I have done a couple records in my life. They are out of print now, though we hope to put another one together soon.
We kept them under the counter at the office. My rule was the staff could never ask the patients to buy one. I felt like it was wrong to push them in the office, and I didn’t want my patients to feel obligated or just buy one to make me happy. (Drug reps were another matter; I told them if they wanted an appointment with me, they had to at least pretend to like my music.)
But if a patient asked for one, the staff could sell them one. We kept the money in a coffee can, and I’d count it at the end of the week and split it up with all my guys. As folks who play this music on a semi-pro basis know, it wasn’t a lot of money.
Every so often, a patient would tell me they’d like to hear my music, but I knew they couldn’t really afford a record. When I knew they couldn’t buy their medicine, it just didn’t seem like the right thing to do. I’d give ’em one, and ask ’em not to tell anybody. I always put the money in the coffee can so my boys wouldn’t be out anything. After all, the recording was only 1/6 mine.
Our first one came out in cassette tape. One day an old fellow asked me where he could hear my music.
I took a look at him. He had on old tobacco stained bib overalls, and his snaggles were in terrible need of dentistry he could not afford.
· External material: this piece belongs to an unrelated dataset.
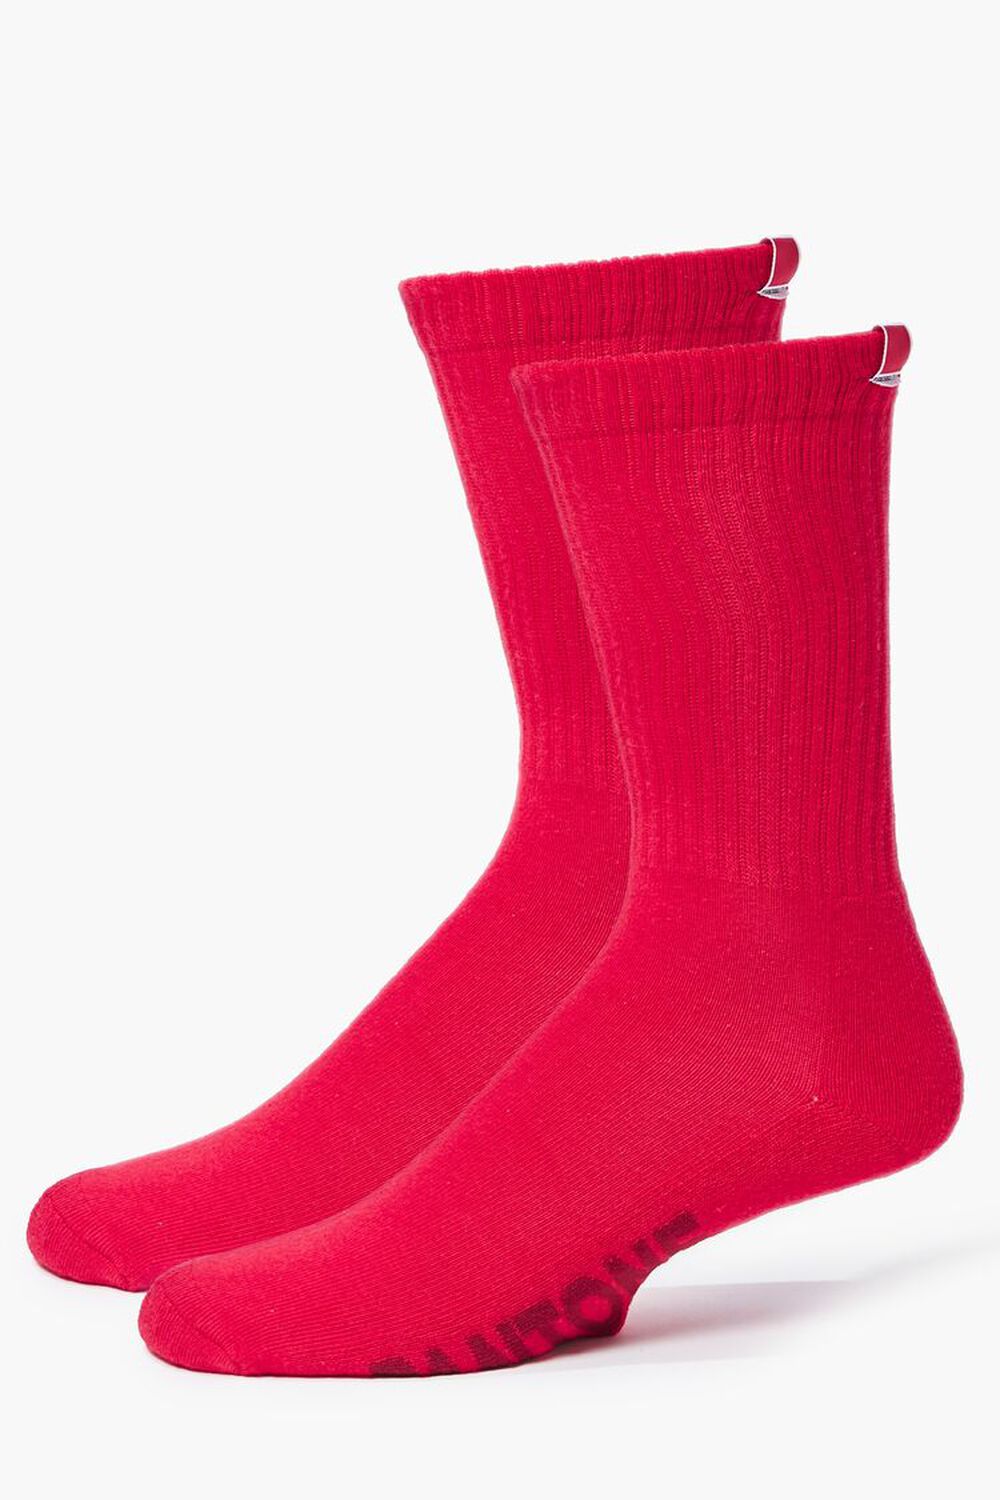 RED Men Pantone Crew Socks, image 1

His five o’clock shadow was working on midnight.
“Tell, you what Jim, let me give you something.” I went up front, dropped the money in the coffee can, retrieved a tape, and took it to him. “Just don’t tell anybody. I ain’t supposed to give ’em away.”
“Why Doc, thank you so much.” I thought the man was gonna cry. I wondered how long it had been since anyone had ever given him anything.
When our second one came out, he heard about it, and scratched together some bills and came to the office. “I want to buy one of them things, Doc. I’m your biggest fan.”
This time they were out in CD. I handed him one. “Hold onto your money, Jim. The boys said you’re so loyal they wanted to give you one.”
“Well thanks Doc.” I noticed he eyed it kinda funny and turned it over and over. “Sure is flat.”
“It’s called a CD. They say they sound a lot better.”
“Hm. These is new. Well, I do appreciate it, sure enough.”
I later learned he didn’t own a CD player. His family found out and bought him one. The image of this man sitting alone in his farmhouse with one CD in his player was almost too much for me.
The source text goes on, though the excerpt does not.